Sectarian violence has raged in the region and tit-for-tat kidnappings and revenge killings are common, but nothing had been reported on the scale of Wednesday's mass abduction. The al-Nasr plant is between Baghdad and Taji, a predominantly Sunni Arab area.

The chief lawyer representing Saddam Hussein and his seven co-defendants, meanwhile, said the men went on a hunger strike to protest the shooting death Wednesday of an attorney on the ousted Iraqi leader's defense team. It was the third such killing in the 8-month-old trial.

The military said the four Marines were killed Tuesday in insurgency-ridden Anbar province, three of them in a roadside bombing and a fourth in a separate operation. A soldier died Wednesday south of the capital, the military said, giving no further details.

At least 2,512 members of the U.S. military have died since the beginning of the Iraq war in March 2003, according to an Associated Press count. The figure includes seven military civilians.

The killings in Mosul occurred primarily in groups of ones and two, with several of the dead found dumped throughout the city. All the victims died in targeted shooting attacks, Mosul police Capt. Ahmed Khalil told The Associated Press.

About a dozen people were killed in other violence nationwide Wednesday, and an al-Qaida-led insurgent group announced it would execute four Russian hostages who were kidnapped June 3. The Russian Embassy in Baghdad said it had no new information on the fate of the four. A fifth Russian was killed when the men were captured.

Lawyer Khamis al-Obeidi, a Sunni Arab who represented Saddam and his half brother Barzan Ibrahim, was abducted from his home Wednesday morning. His body was found riddled with bullets on a street near the Shiite slum of Sadr City. Police provided a photo of al-Obeidi's face, head and shoulders drenched in blood.

Saddam's chief attorney, Khalil al-Dulaimi, blamed the killing on the Interior Ministry, which Sunnis have alleged is infiltrated by so-called Shiite death squads.

"We strongly condemn this act and we condemn the killings done by the Interior Ministry forces against Iraqis," he said.

Al-Dulaimi told the AP in Amman, Jordan, that Saddam and his co-defendants "went on a hunger strike today to protest the killing of Khamis al-Obeidi."

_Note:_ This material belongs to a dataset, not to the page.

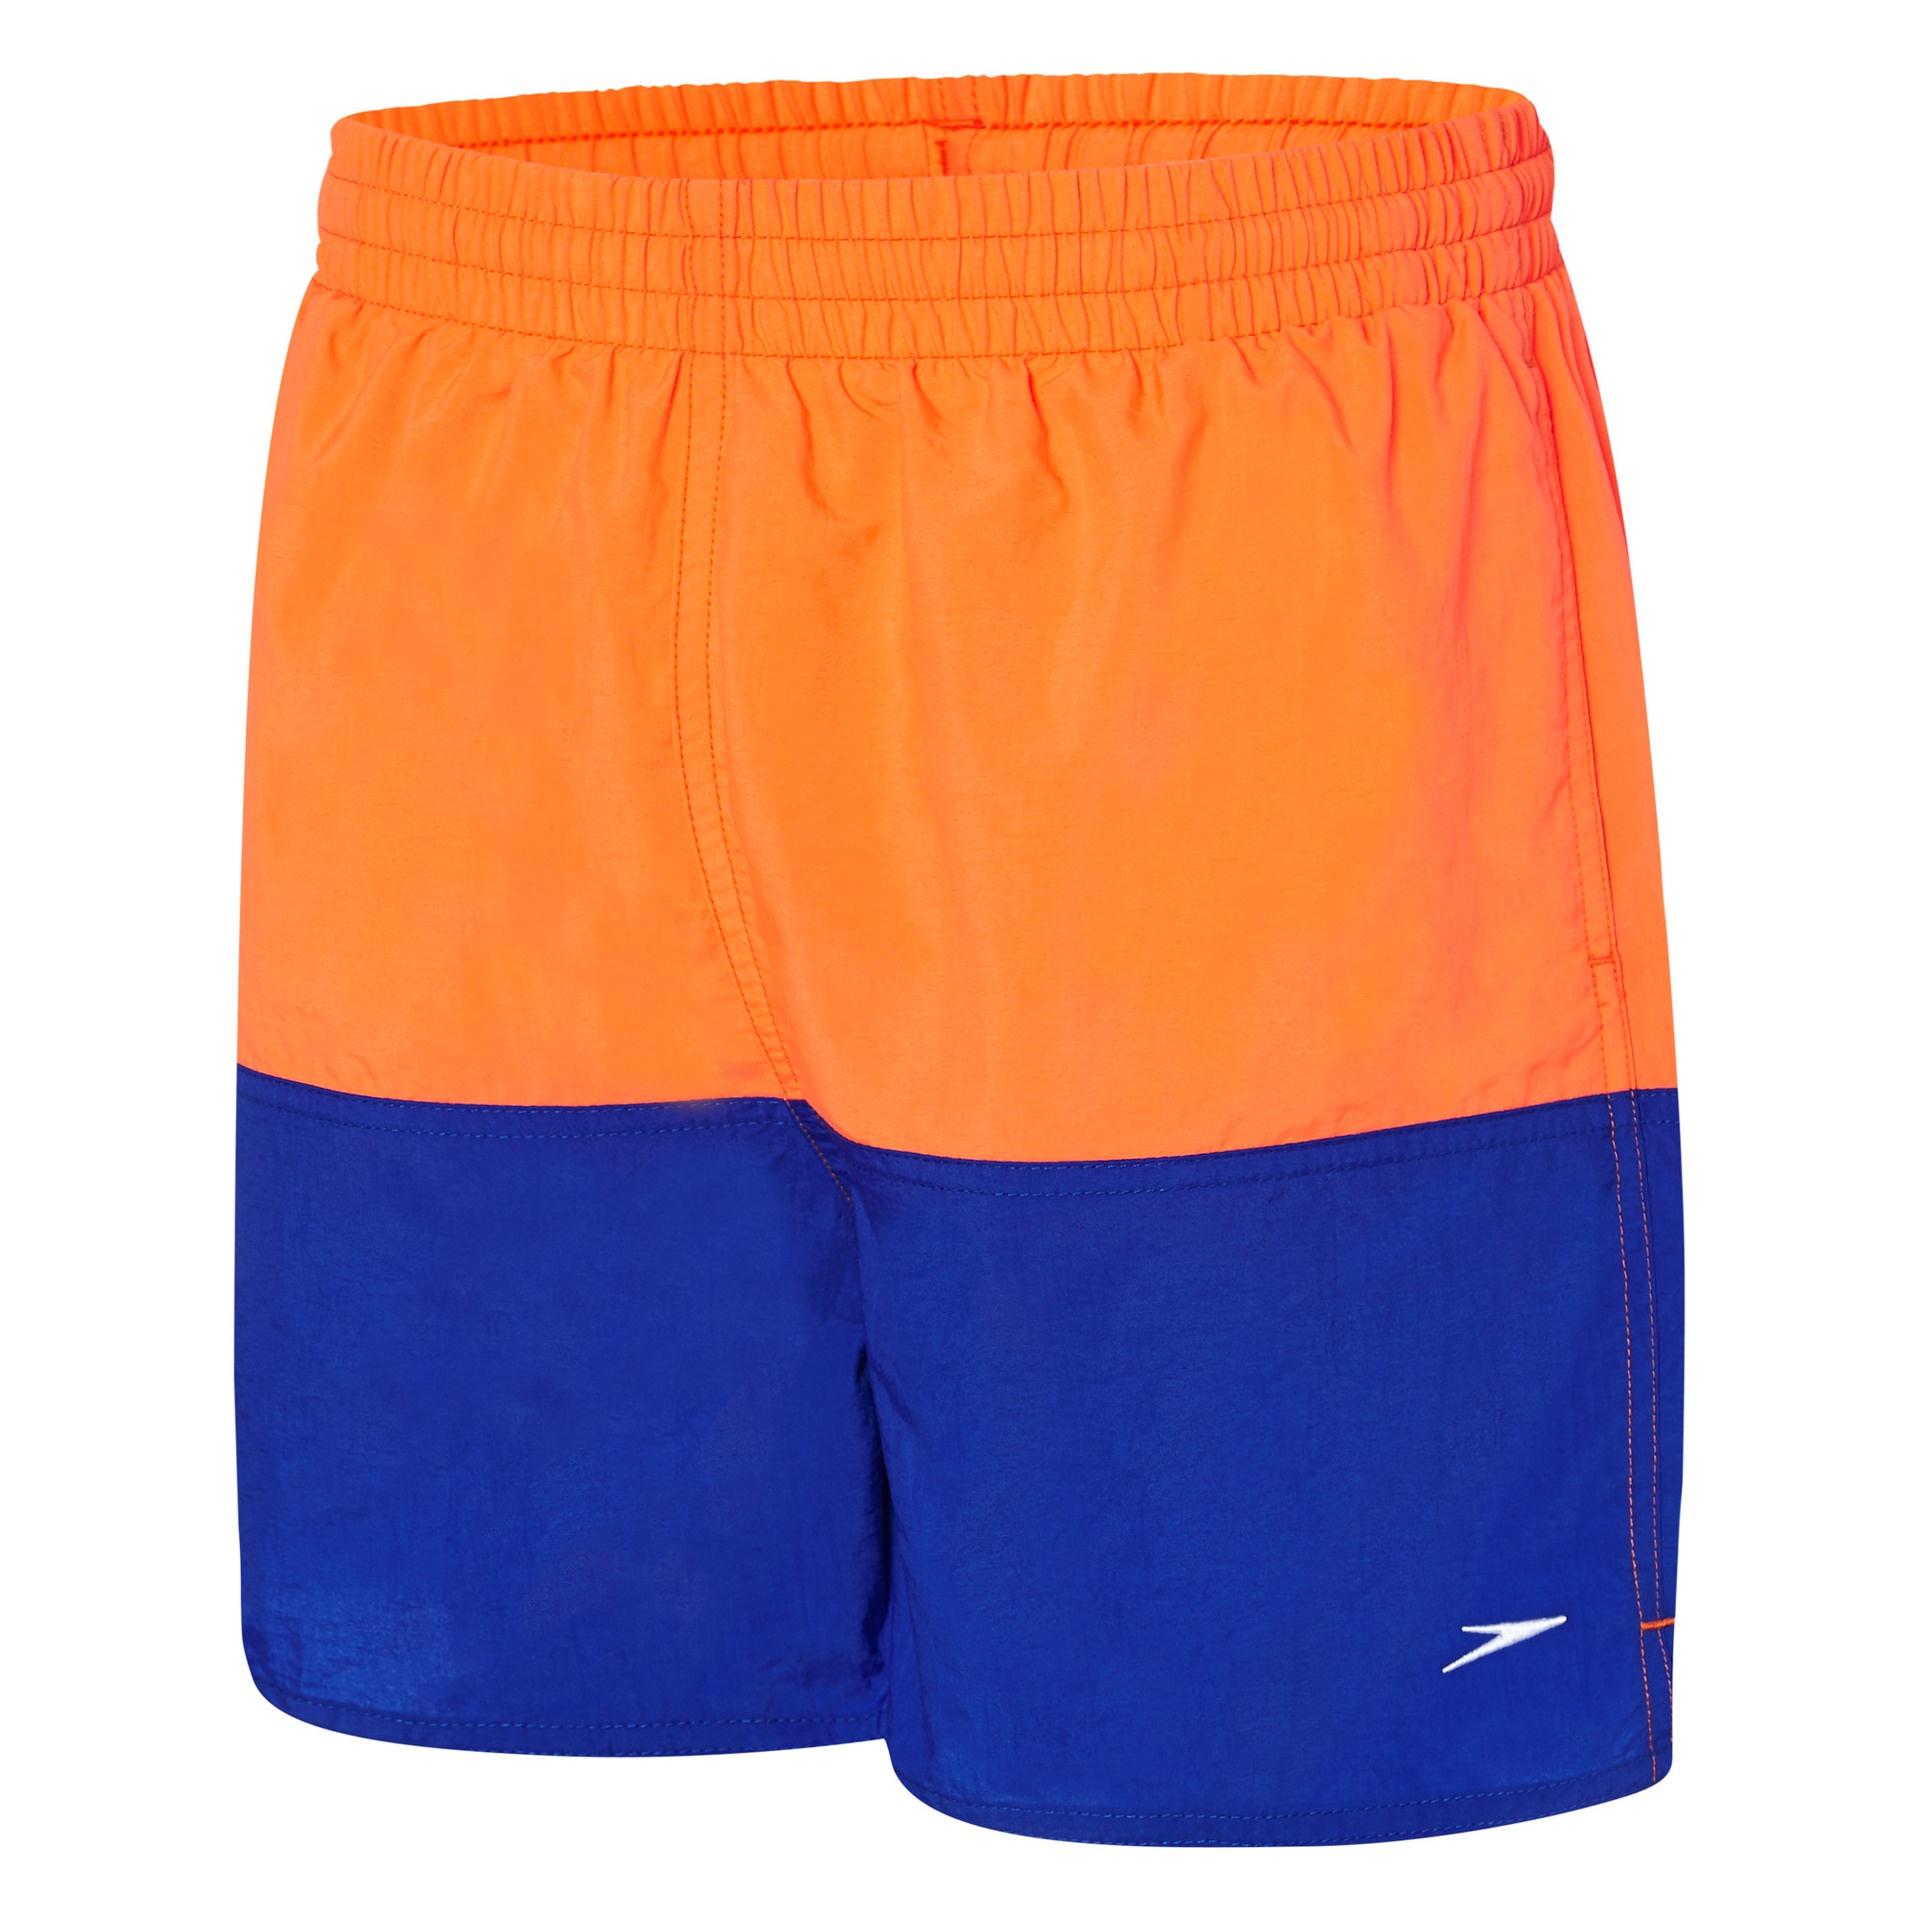 5a98d9a9e2257c Boys Panel Solid Leisure Watershort Vivid Orange/Speed/Bali Blue ...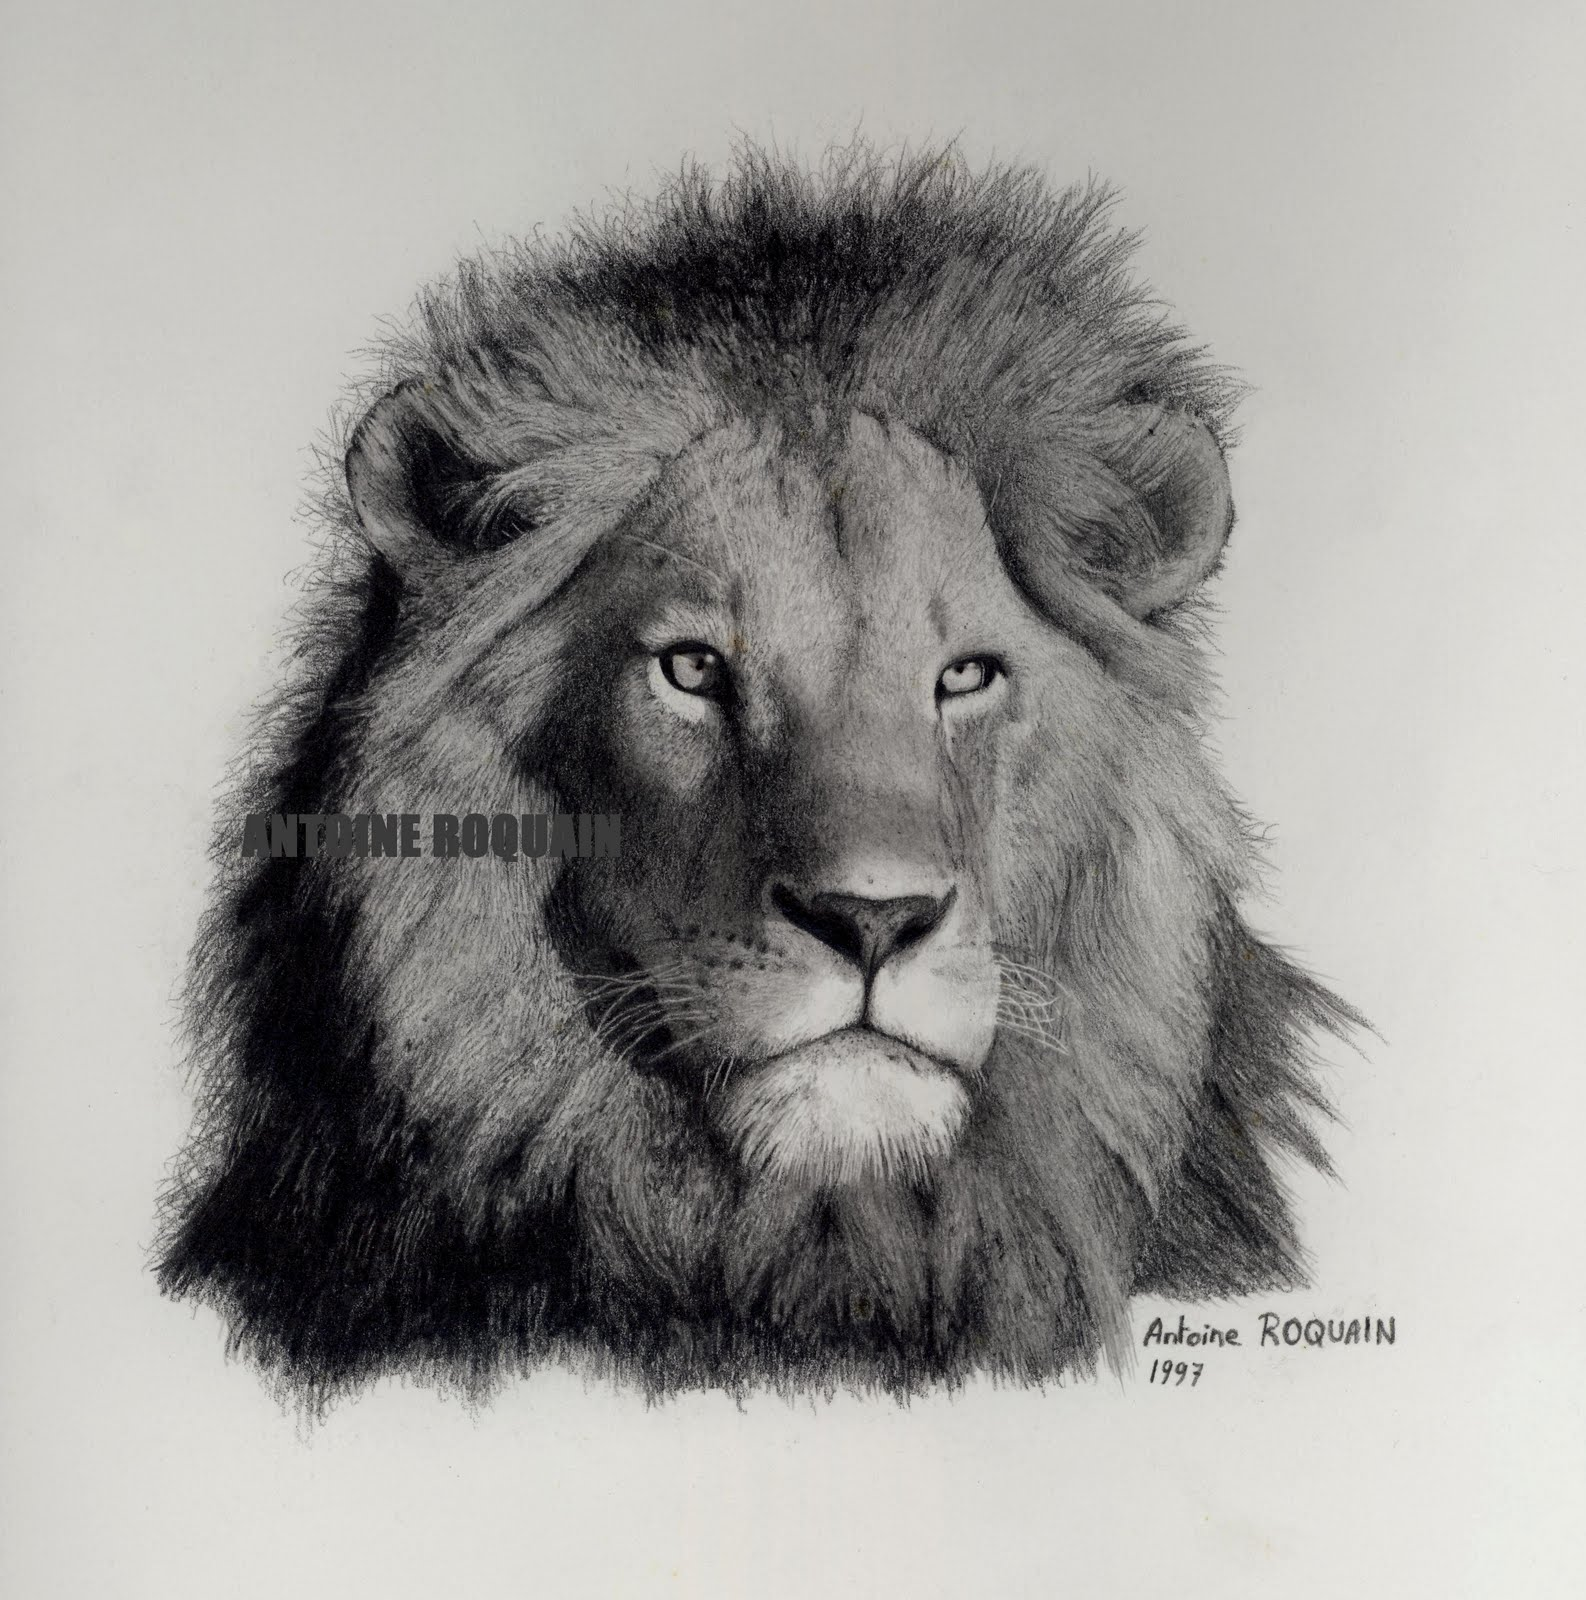 antoine roquain dessin animalier wildlife pencil art petit dessin de lion. Black Bedroom Furniture Sets. Home Design Ideas

"They pledged not to end the strike until international protection is provided to the defense team," he said.

The report of Saddam and the others conducting a hunger strike could not independently confirmed, but it would not be the first time the defense team has said their clients were refusing food.

On Feb. 28, al-Obeidi said Saddam and several other defendants had ended a hunger strike he said they'd started Feb. 12 to protest the chief judge in their trial. In December 2004, the U.S. military acknowledged that eight of Saddam's 11 top lieutenants went on a weekend hunger strike to demand jail visits from the international Red Cross.

Bushra al-Khalil, a Lebanese member of the defense team, said al-Obeidi was taken from his house by men dressed in police uniforms and driving four-wheel-drive vehicles used by Iraqi security forces.

However, al-Obeidi's widow, Um Laith, was quoted on The New York Times' Web site as saying the attackers wore civilian clothes. She said 20 men burst into their house while the couple and their children were sleeping, and identified themselves as members of an Interior Ministry security brigade.

There was no comment from the ministry.

Al-Obeidi was the third member of Saddam's defense team to be killed since the trial began Oct. 19. His colleagues said the brutal slaying was an attempt to intimidate the defense before it begins final arguments July 10, a process that will take about 10 days.

Chief prosecutor Jaafar al-Moussawi said the trial would continue.

The U.S. Embassy urged the lawyers and their families to "accept the full range of security measures offered for their protection."